The Question: Does wide striping lead to the development of hot spots?
I received a question on a post from last month. In a nutshell, the question posed is: How come multiple applications (database applications in particular) don't create disk contention problems (hot spots) for wide striping arrays? I'm going to do my best in this post to explain how it works.
To elaborate on the question, hot spots in an array occur when an individual disk drive is overloaded with I/Os and does not have the ability to respond in the expected or desired time. The term originated with database I/O performance analysis, where a relatively small segment of database data (the hot spot) is responsible for a high number of disk reads and writes that overload a single disk drive. In a shared storage array, the occurrences of hot spots can be compounded by having two or more applications generate I/Os localized on a single disk drive, overloading it and degrading the performance of multiple applications. Given this possibility, why would a customer purchase an array that might exhibit these problems?
The answer: Wide striping with chunklets randomizes I/Os, minimizes seek times and avoids hot spots
Wide striping is a disk layout approach that uses a large number of disk drives (or spindles) to place data in an array. It's well recognized that putting more disk spindles to work is the way to increase an array's I/O performance. Wide striping in a 3PAR InServ array spreads the data from multiple applications over a large number of disk spindles, which simultaneously provides both high I/O levels and high capacity utilization. The spindle count obviously matters a great deal because each drive provides incremental I/O processing power. FWIW, 3PAR InServ arrays typically have hundreds of drives, but can start with 50 or so drives in a smaller configuration.
I/Os in a wide striping array are an example of a stochastic process
where I/Os are generated with varying degrees of randomness. At any
given time, there are a certain number of I/Os pending for the array,
which are concurrently being serviced by a large number of disk drives. It also means that the I/Os for most applications, including databases,
move from one spindle to another in a random fashion, which is why this
technique is referred to as randomizing I/Os. As the I/Os for an application change spindles, individual disk drives are not overloaded and hot spots are avoided. 3PAR InServ arrays also have cache memory that provides additional performance acceleration and reduces disk contention.
Equally important, but far less obvious is how data is laid out to support a mixed application workload. Data layouts that exacerbate disk latencies should be avoided, such as long seek times that occur when successive I/Os must jump from one disk partition to another. Storage allocations and data layouts in 3PAR systems use small disk segments called "chunklets". Chunklets are placed in close physical proximity to each other, which means that seek times for I/Os from multiple applications are minimized. A human being could try to figure out how to layout data for a wide striping array and never be as good as the algorithms in a wide-striping array controller.
Is there a way to measure or predict the effectiveness of wide striping in eliminating hot spots?
Just as the metric IOPS indicates how much work a disk drive can
perform, we could use another metric for the ratio of spindles
available to service a given I/O load.
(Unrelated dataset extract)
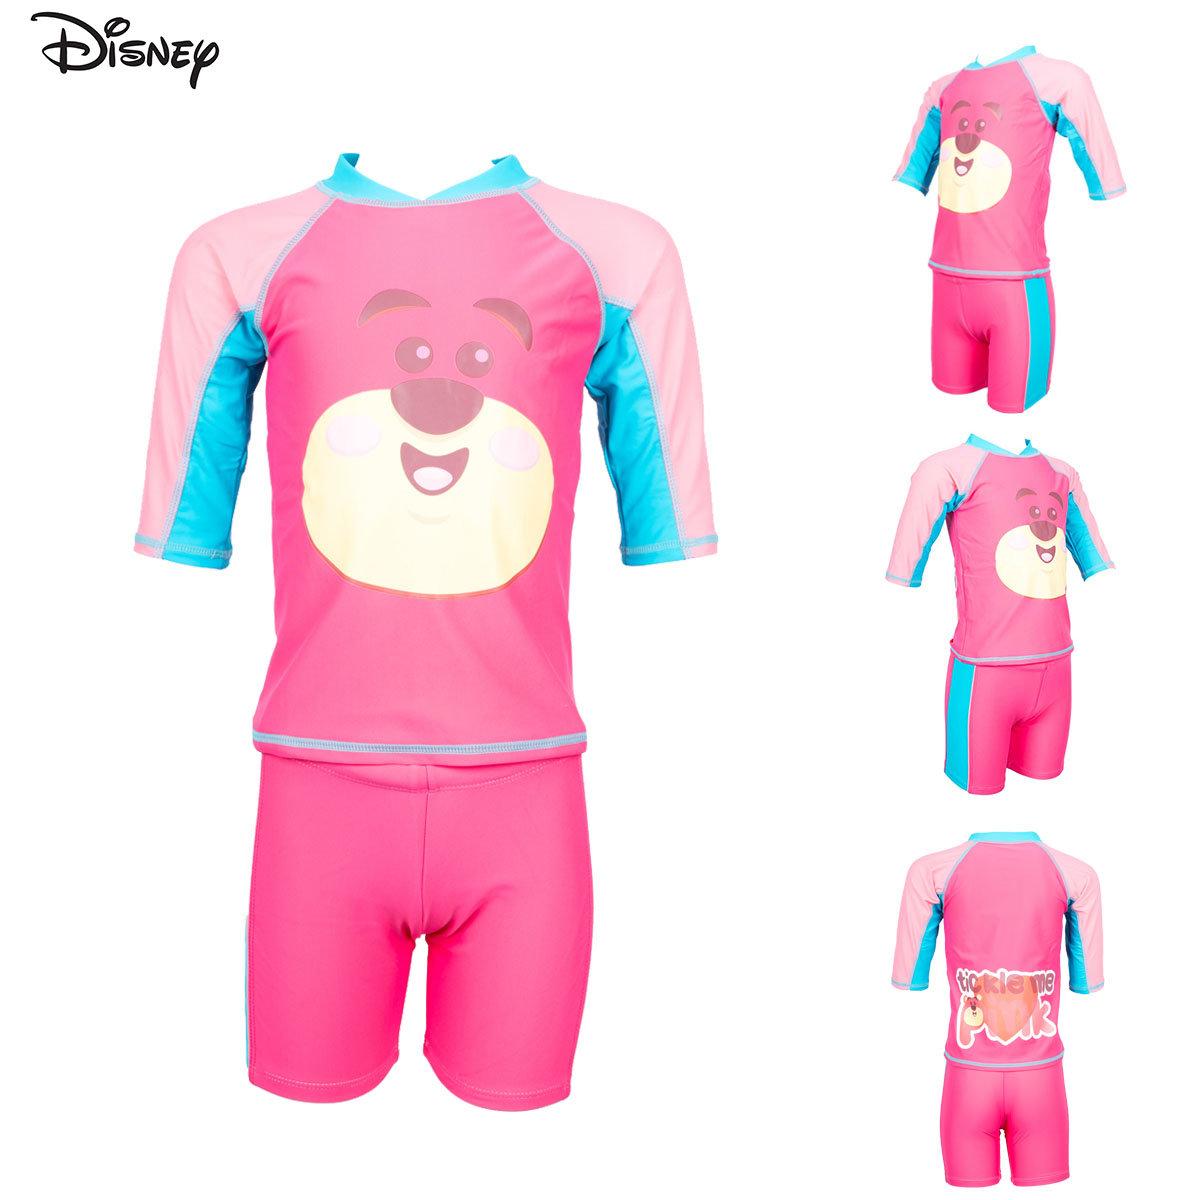 949661b2b3 Disney | Kids Swimming Rash Guard-Three-quarter Sleeve (Toy Story 3 ...

This should help us understand
the ability of the array, LUN or RAID set to handle hot spots. Since
hot spots result from disk I/O operations, which take place in
approximately one centisecond (cs, hundredth of a second) I created this little hot spot metric: spindles per IOs generated each cs, or spindles/IOP(cs).
A spindles/IOP(cs) ratio greater than one indicates there are probably sufficient
spindles to do the work without developing hot spots; and a ratio less than one indicates that hot
spots could develop that would degrade performance. Of course, the
interpretation of this ratio should change depending on the specs of
the drives under consideration and any other elements that impact the
average service time of the drives. FWIW, the radial interleaving of chunklets is an example of an array technology
that would reduce the average service times of drives in a wide
striping array.
I thought I'd suggest a couple numerical models to try out my hot spot metric. Let's say there is a hundred-drive wide striping array with an load of 100 I/Os generated during any centisecond interval. This corresponds to a spindles/IOP(cs) ratio of 1:1. The statistical odds are good that many of these pending I/Os will be serviced by different spindles - and when there is contention for a spindle, it's unlikely that the same applications will continue to generate subsequent I/Os for the same spindle due to I/O randomization.
In contrast, consider a traditional narrowly striped array that has ten drives servicing a transactional database application. The average number of I/Os generated by this application every centisecond is fifteen, which means the spindles/IOP(cs) ratio is 0.67 (10/15). If one looks at the aggregate maximum IOPS of the drives, they could come to the conclusion that these ten drives have plenty of performance overhead to handle the workload, however, the spindles/IOP(cs) ratio indicates that hot spots could develop. Certainly some people reading this will be able to relate to the experience of configuring RAID sets that should have adequate IOPS for a given workload - only to find that hot spots have developed, creating infuriating application performance problems.
So what of it?
The numbers used in the examples above were pulled out of thin air based on estimates that seemed reasonable to me.
One of the more difficult aspects of trying to use the hot spot metric
is figuring out how many I/Os your applications are generating.
I'm interested in hearing what others think of the hot spot metric. Usual blogging rules apply - which means it's open to the mosh pit.